Jewish Journal

Confessions of a kosher wine snob

by J.D. Smith

Posted on Mar. 29, 2007 at 8:00 pm

Passover is finally here and while the family is wrangling over who will play host and who's invited, I'm wrangling with which wines to serve. The seder is a feast, after all, not just a long, drawn-out dinner party with responsive reading and some especially catchy tunes. We all know the story of Moses vs. Pharaoh, the plagues, the epic escape from slavery through the Red Sea. (It turns out that the story of Passover is actually older than the Cecil B. DeMille epic "The Ten Commandments.") The seder is like a Harlem Globetrotters "game" -- you know the ending before you even sit down to enjoy the show, but it always satisfies.

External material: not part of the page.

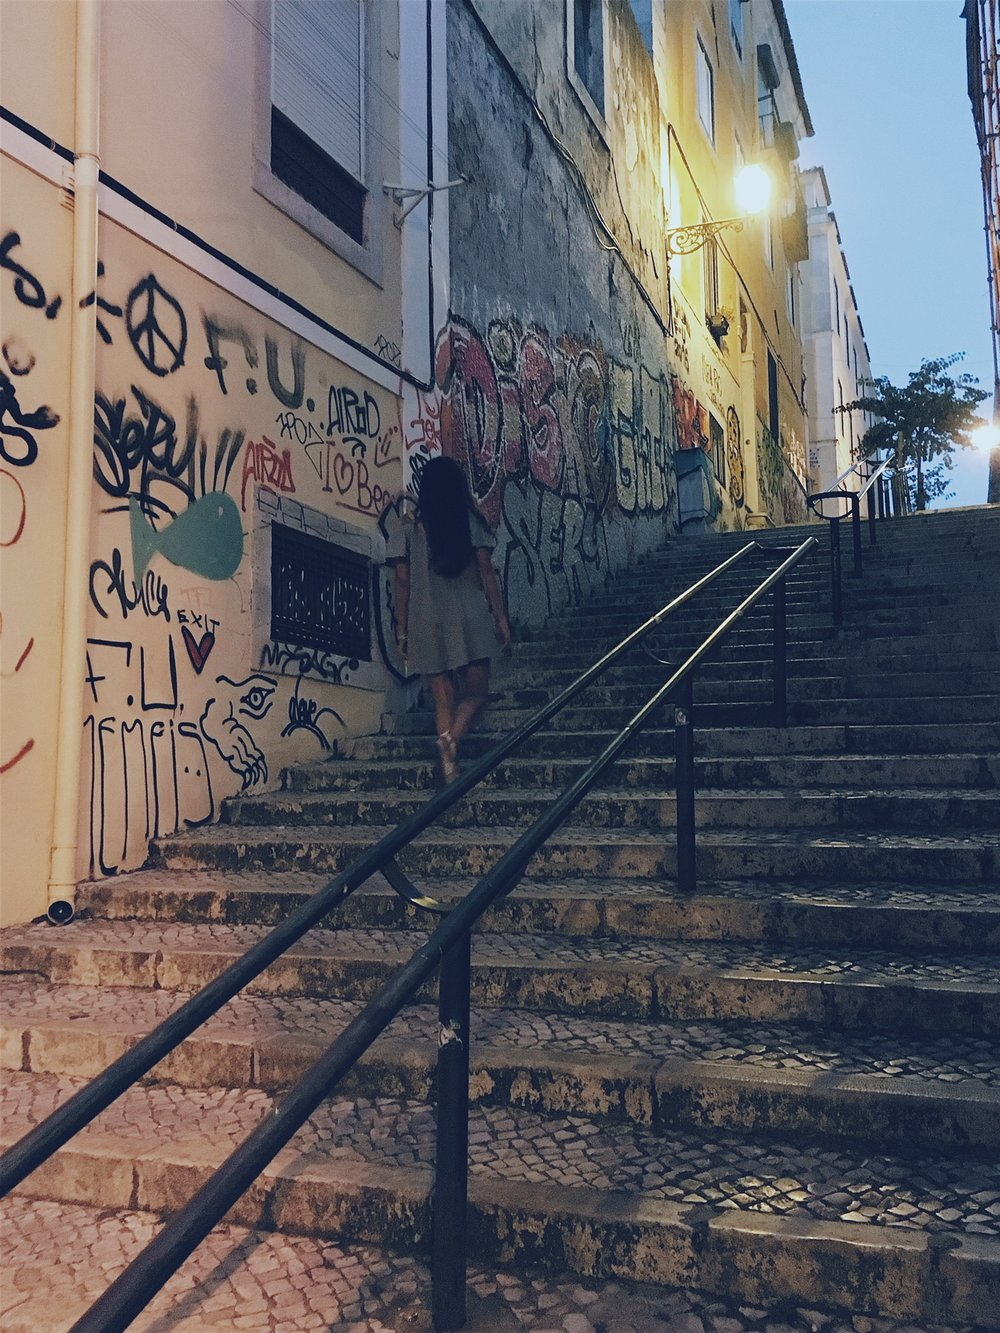 Wandering through alleyways

I went to the market the other day with an eye toward getting all my Passover seder fixings. There, screaming at me from a shelf as soon as I walked in was a kosher wine in a square bottle with a screw-cap promising it was "extra sweet." It might as well have said "extra awful" alongside the "extra day-old bread" and "extra-moldy cheese." This stuff has the body of a can of 10W-40 motor oil and almost all the aromatic charm. It pairs nicely with the pink horseradish condiment served alongside gefilte fish, if only because it's a fair fight.

All of which raises the question: If the ancient Hebrews threw off the chains of slavery and got out of Egypt all those years ago, why are we modern-day Jews still tradition-bound to this treacly, awful mess that passes for wine?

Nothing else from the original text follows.